Вещи выше людей – потому что молчат.
«Фамилия» выше «Сток-центра».
Ассортиментом и ценами, и теплом
безмятежных воспоминаний —
выше «Сток-центра».
В бороздах душного текстильного туловища,
покрытого пылью, —
запах жесткой дезинфекции; тело висит
на скелете кронштейна.
Счастлива как никогда. В овеществленное
и крайне личное время,
еще не рождённая, без речи и отношений:
к людям, себе, человеку.
На подходе к «Фамилии»,
свернув к промзоне от Семеновской, пыль ест глаза.
Зима, ни одежды, ни тела.
Иду – за одеждой и телом в «Фамилию».
Там ждёт семья
курток, свитеров и сапог.
Озарение холодом очарованного мозга:
«мы» больше нет.
«Нас» нет – и это божественно!
Что «нас нет» – нужно для продолжения жизни
Богу. Христу, как знаю Его.
Люди не тактильный теплый комок, а застежки.
Пыль – о том, что Бог не наблюдает ничего,
что бы объединяло людей.
Пыль о том, что общности нет
и у представителей малых сообществ.
Что знала о них – то забыла.
Будь то религия, социализм
или документальное родство.
Пыли можно довериться – пыль мыслит непредвзято.
Шла умирать.
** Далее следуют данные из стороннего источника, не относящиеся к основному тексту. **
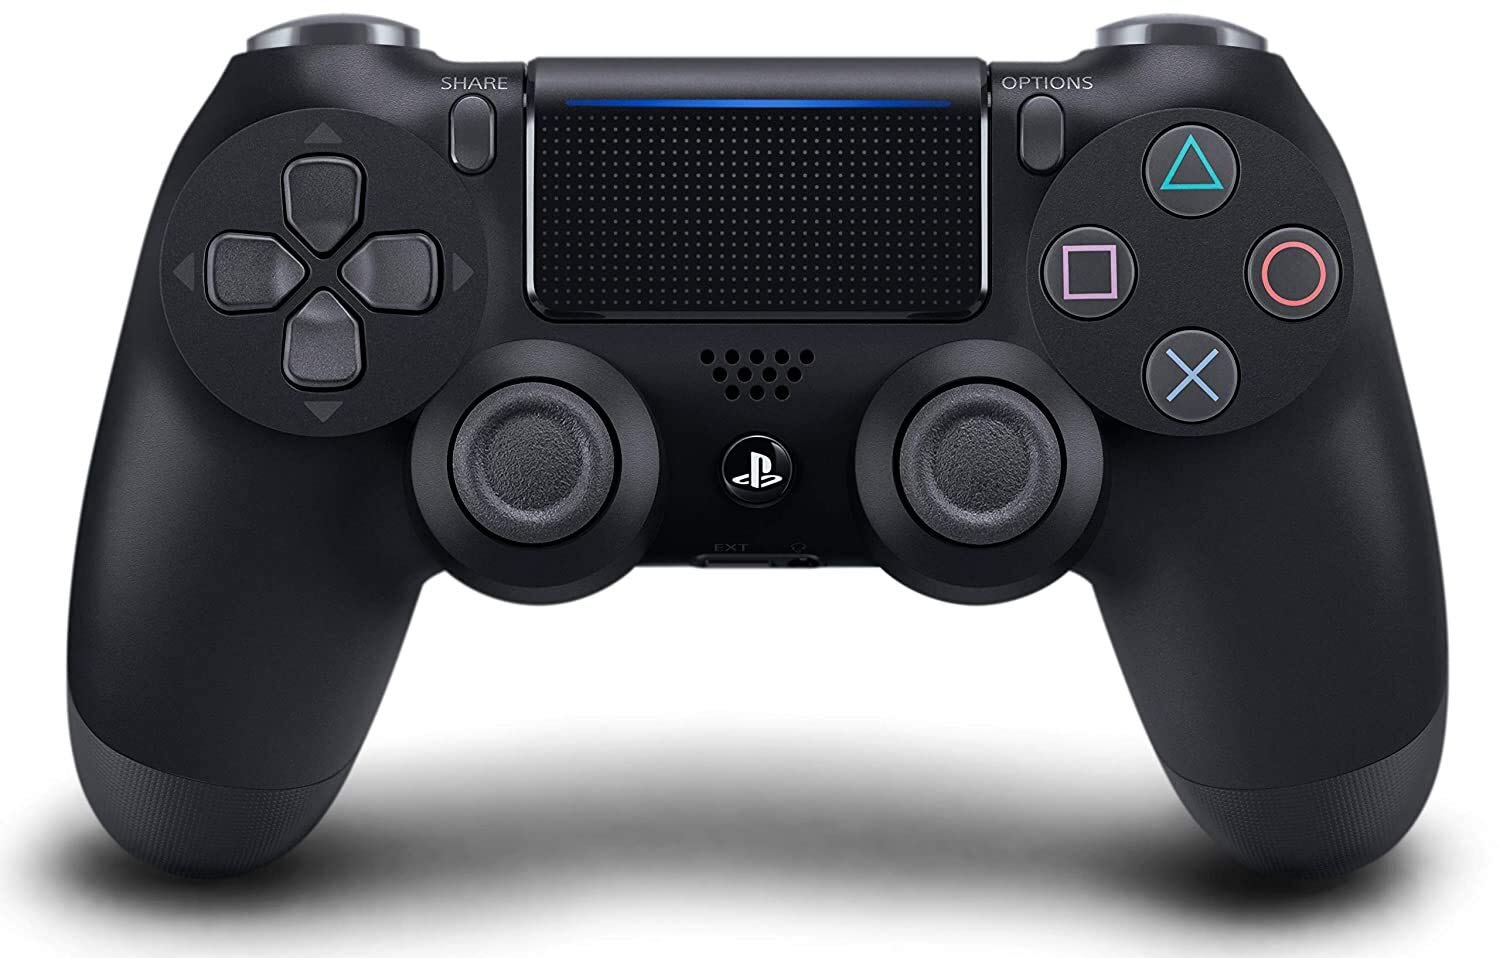 Dualshock 4 controller and PC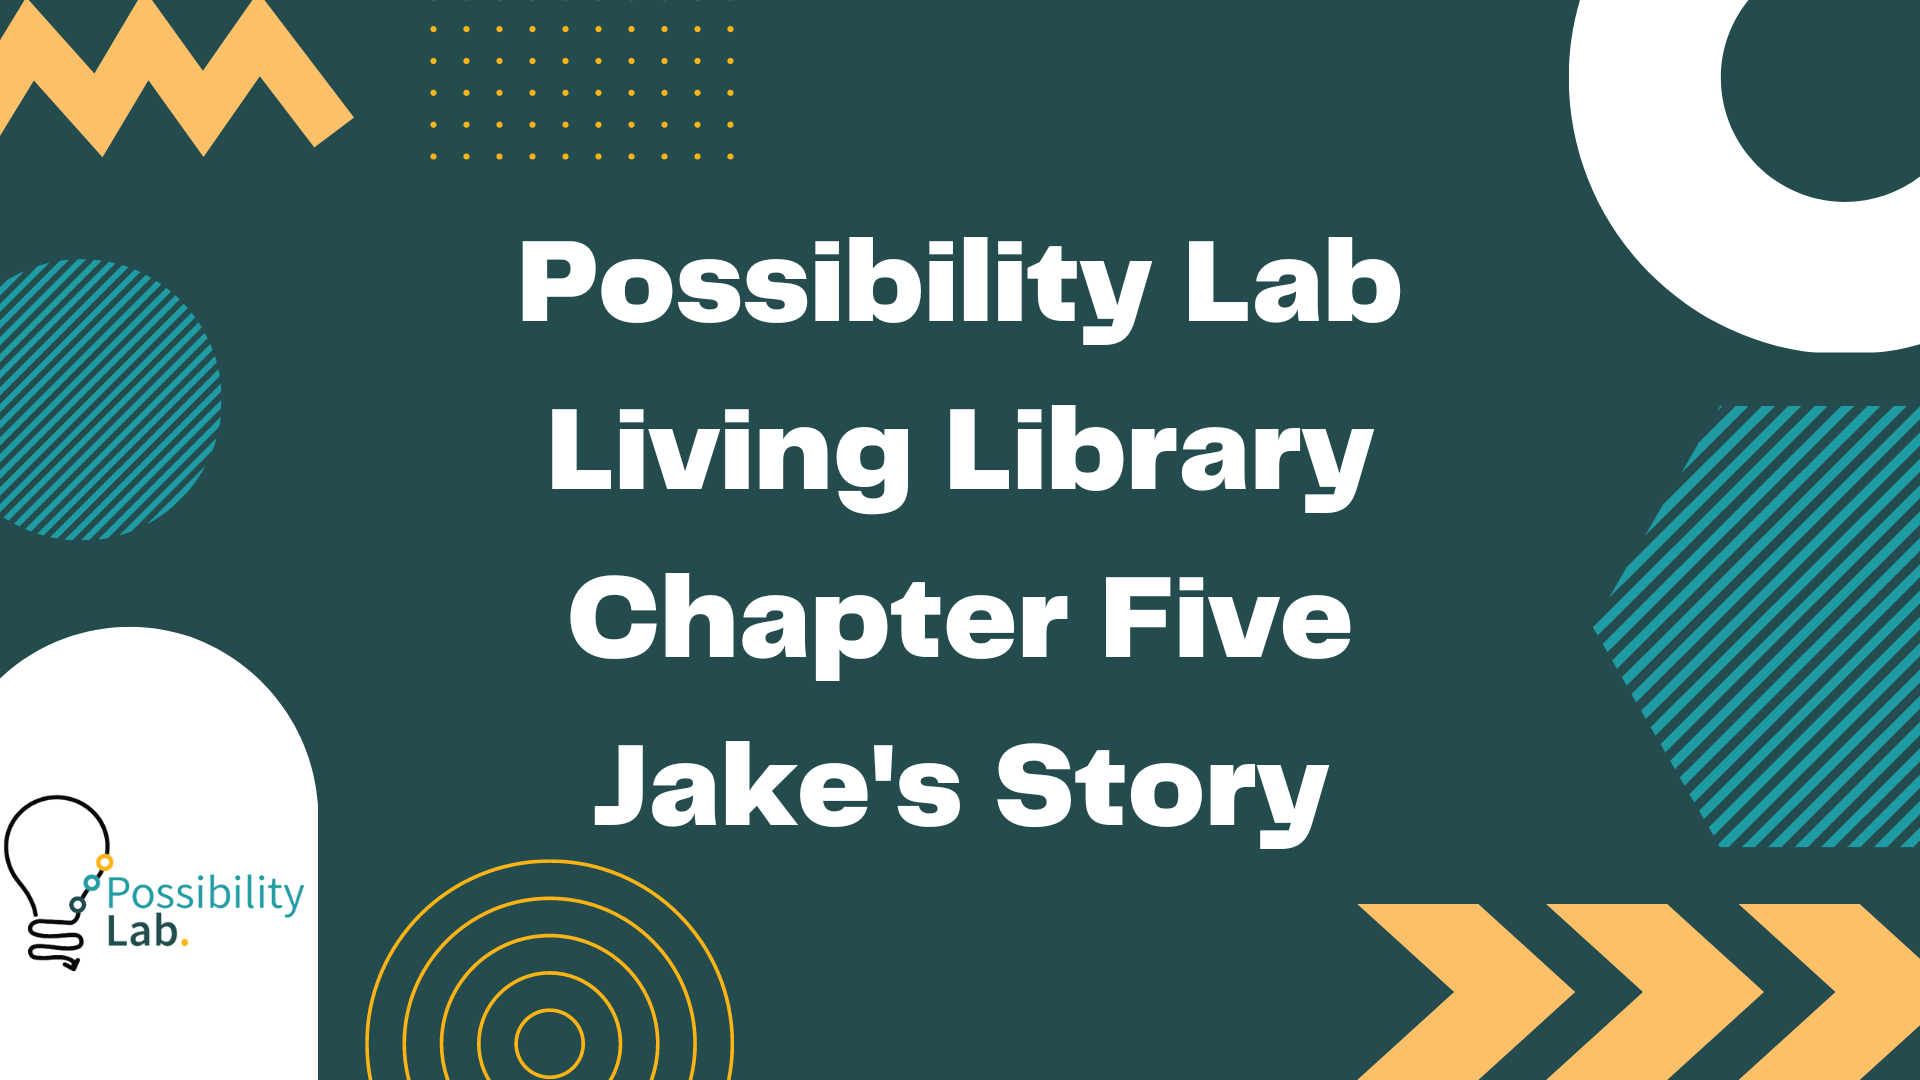 A slide from our living library videos. It has a green background and squiggle designs in white, lighter green and orange. The possibility lab logo is on the bottom left and text on the slide reads Possibility Lab Living Library Chapter Five Jake's Story

Вошла в рай.
Сапоги «Траста» – семьсот рублей.
Куртка, розовый английский цвет,
хлопковая раковина, на гусином пуху.
Восемьсот, мне подходит. Стирала руками.
Пух (что удивительно) высох.
Свитера примеряла долго.
Купив, теребила шерсть в мыльной воде.
Вещи идут к человеку. Человек без вещей слишком легок —
его крутит метель.
Человек умирает от холода и от жары,
человек промокает насквозь.
Из нутра человечьего, из мозга, яиц и влагалища —
поднимается птица,
бледный снегирь паранойи;
носится,
носится от стены к стене,
сбивая иконы, мешая читать псалтирь
и нагоняя температуру.
Алый вагончик спешит, уходит навеки от станции —
не удержать.
Человека волочит и тащит; он истрепался:
любимые стали иголками.
Тогда возникает одежда – подобие тела и новое тело.
Две черные юбки.
Турция, мелкий вельвет. Жили долго.
Подрубила подол, немного укоротив.
Надевала с симпатией.
А сколько сестёр их висело, лежало и стоило.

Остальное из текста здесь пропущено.